An immediate hike in lending rates are not foreseen either as institutions may not want to spook demand or credit growth at the moment.

Developers, across the board, say they had factored in rate hikes for some time; while some of the listed biggies were hiking prices by 2-3 per cent every quarter with minimal impact on demand.

‘Not detrimental’

“We hope that the RBI will be cautious and calibrated in its future strategy to avoid a disproportionate hike in interest rates in the economy. We do not expect this hike to have a significant impact on demand for housing,” Ashok Tyagi, Wholetime Director and CEO, DLF told BusinessLine.

According to Ashish Puravankara, MD of the Bengaluru-based Puravankara Ltd, the rate hike is “less likely” to have an immediate and significant impact on buyer sentiment. “If the financial institutions raise rates (it will be) in a phased manner to minimise the impact on home-buyers.”

In general, it is believed a price rise of homes by over 10 per cent will have a ‘high impact’ on residential sales and below 10 per cent price rise will have a ‘moderate-to-low impact’ on sales.

Niranjan Hiranandanai, MD of Hiranandani Group and V-P of the National Real Estate Development Council (Naredco), pointed out that home-buying is a long-term purview and the rate change wont be detrimental once the geopolitical and domestic economic sentiment is stabilised.

Credit growth

According to Ravi Subramanian, MD & CEO, Shriram Housing Finance, several banks have been hiking benchmark lending rates tracking the rise in money market rates. And immediate impact of rate hike should be minimal on credit growth.
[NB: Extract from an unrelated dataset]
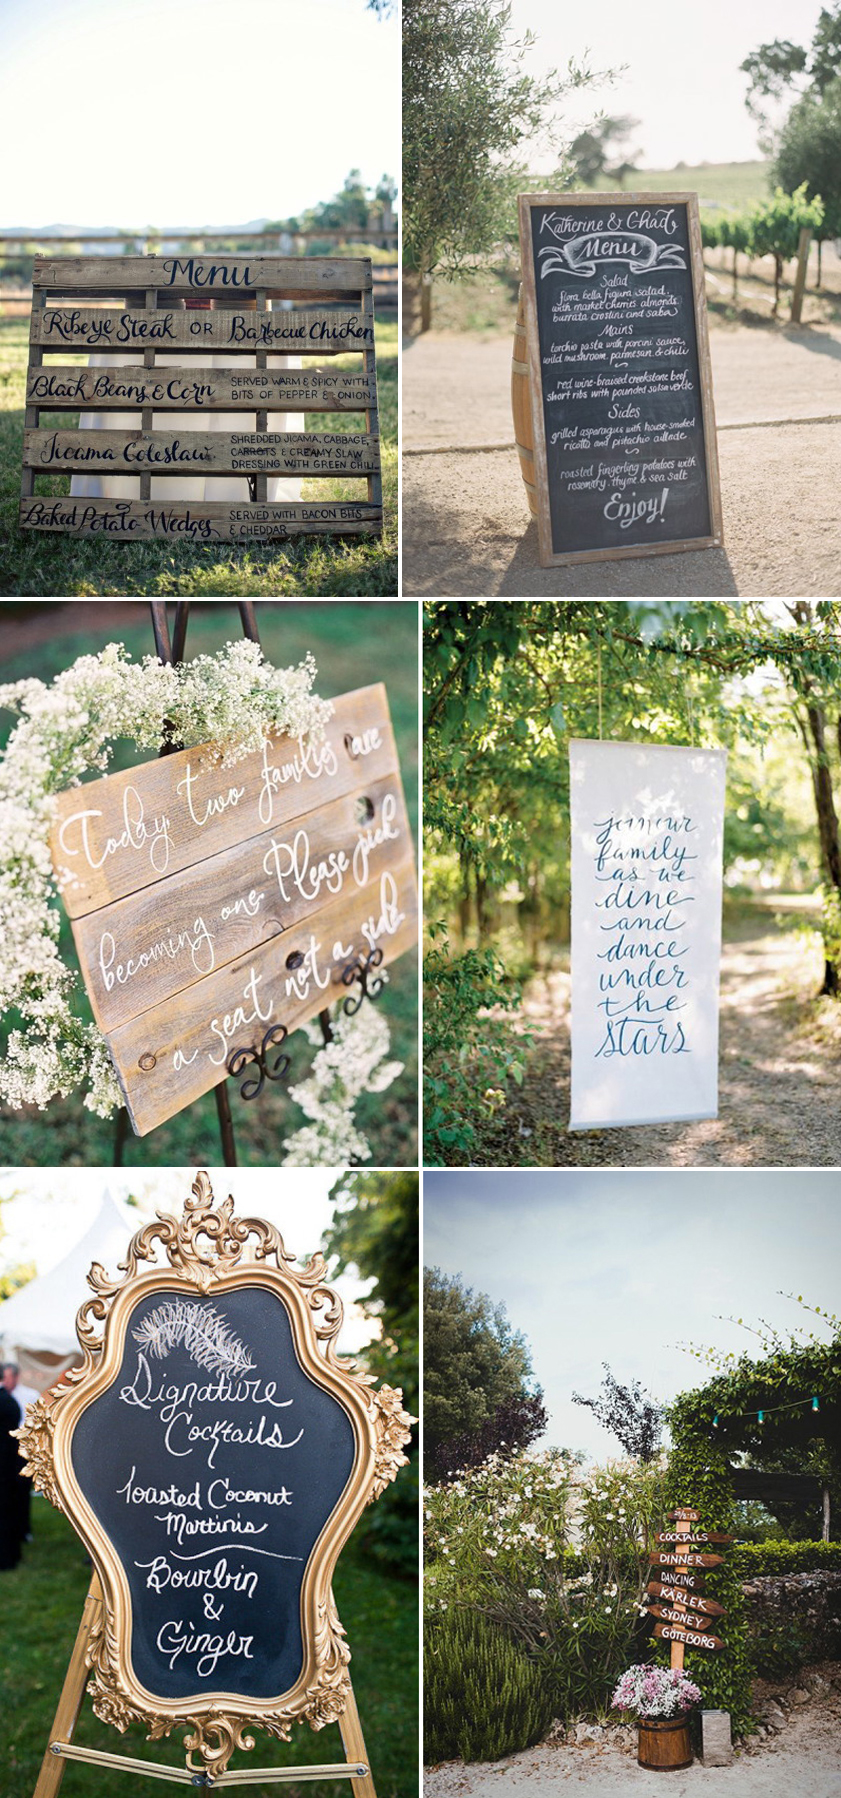 Coco Wedding Venues - Rustic Romance Wedding Style - Signage.
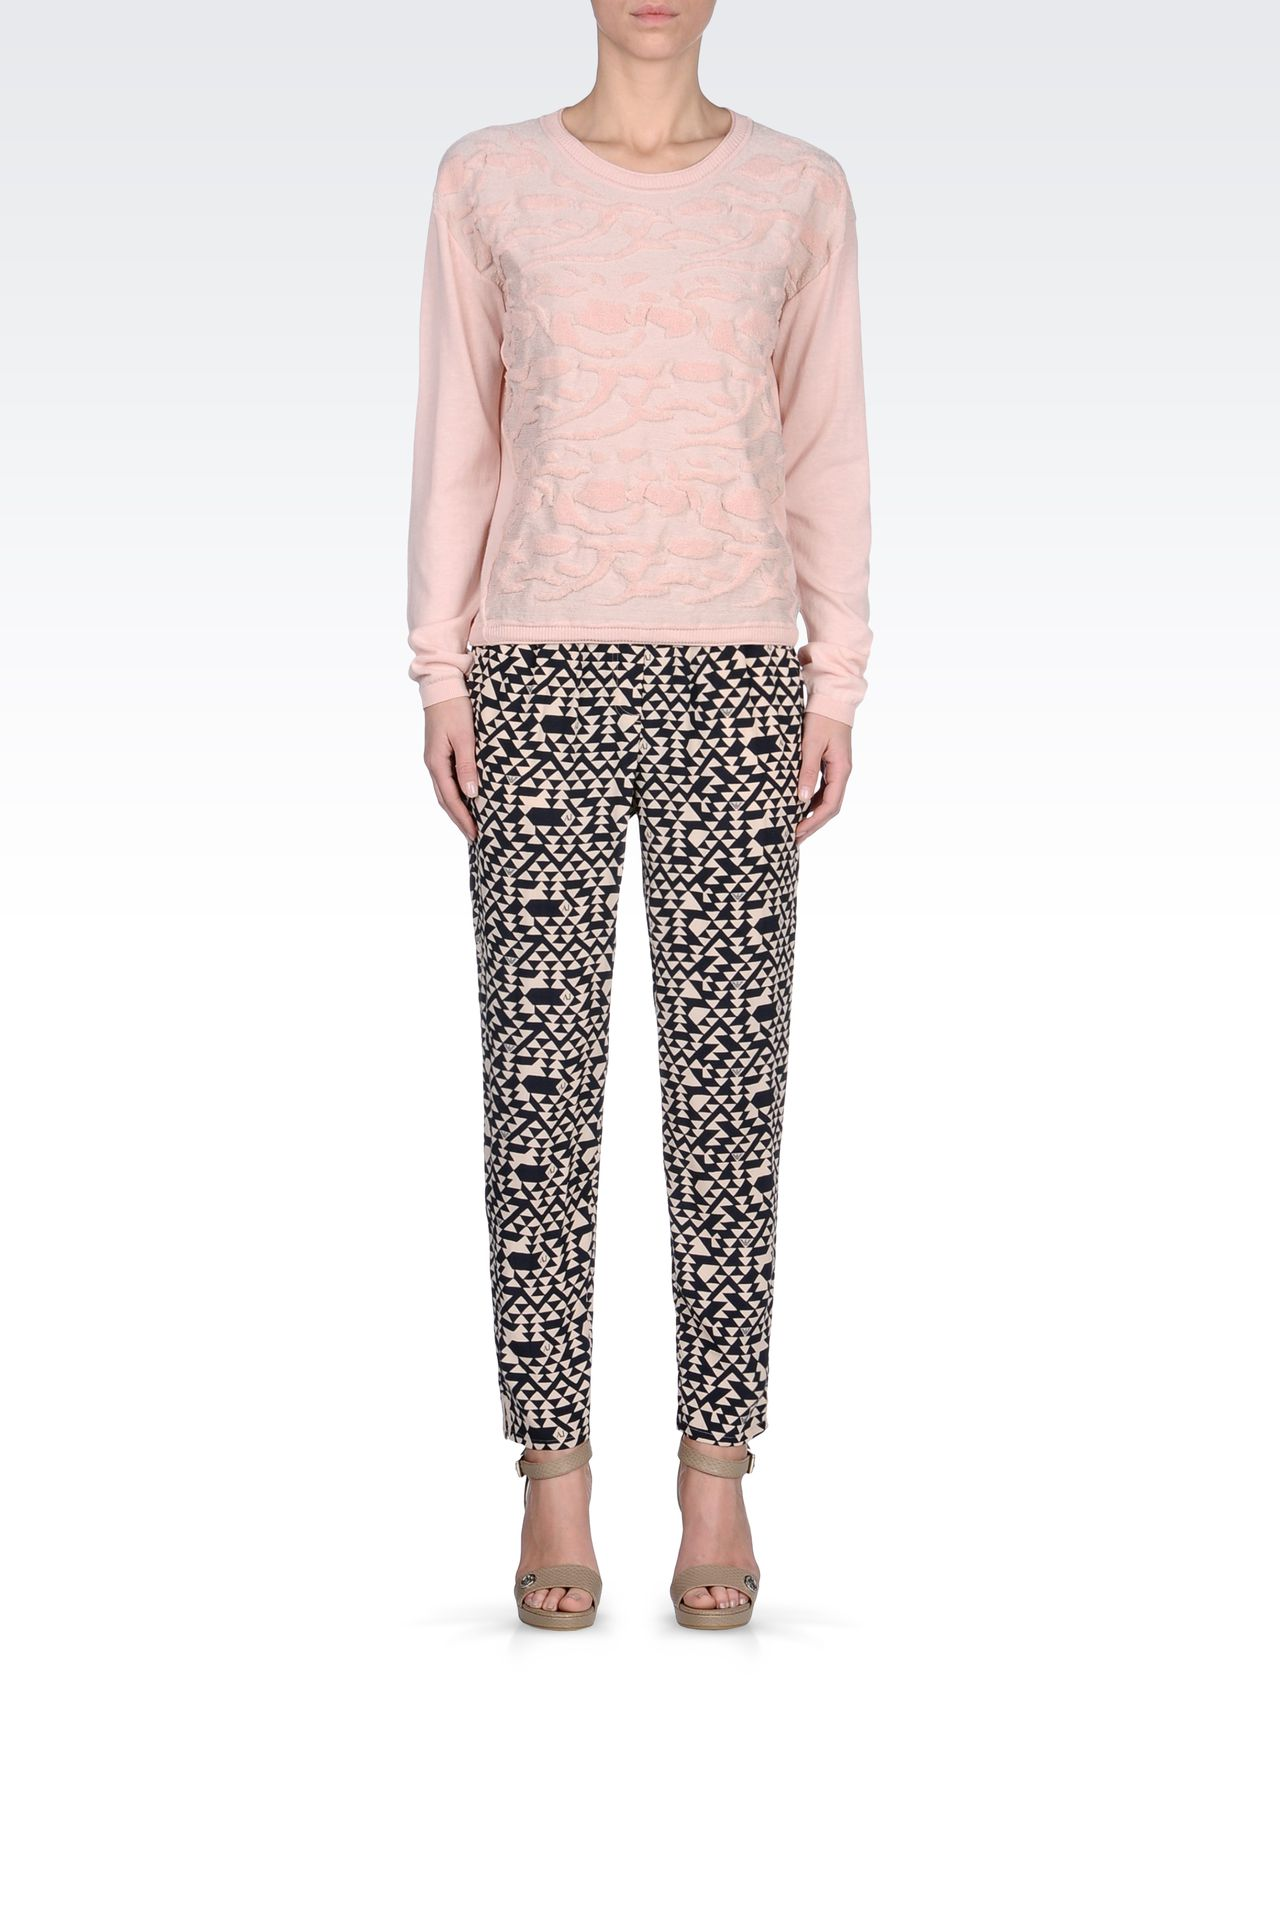 SWEATER IN LUREX COTTON JACQUARD: Crewneck sweaters Women by Armani - 0

“Lending rates, however, are unlikely to surge immediately as financial institutions will look to support growth and credit demand in Q1. But borrowers need to take higher rates in FY23,” he said, adding demand for home loans remains buoyant, especially in the affordable housing segment.

Hit on economy projects

However, developers say economy homes could face some short-term headwinds on the demand front. As Ravinder Reddy, Chairman of Hyderabad-based Janapriya — which has built over 35,000 flats in the economy segment — said, new rates, if any, will impact upcoming or fresh projects. Rise in interest rates would percolate down to increased cost for input suppliers.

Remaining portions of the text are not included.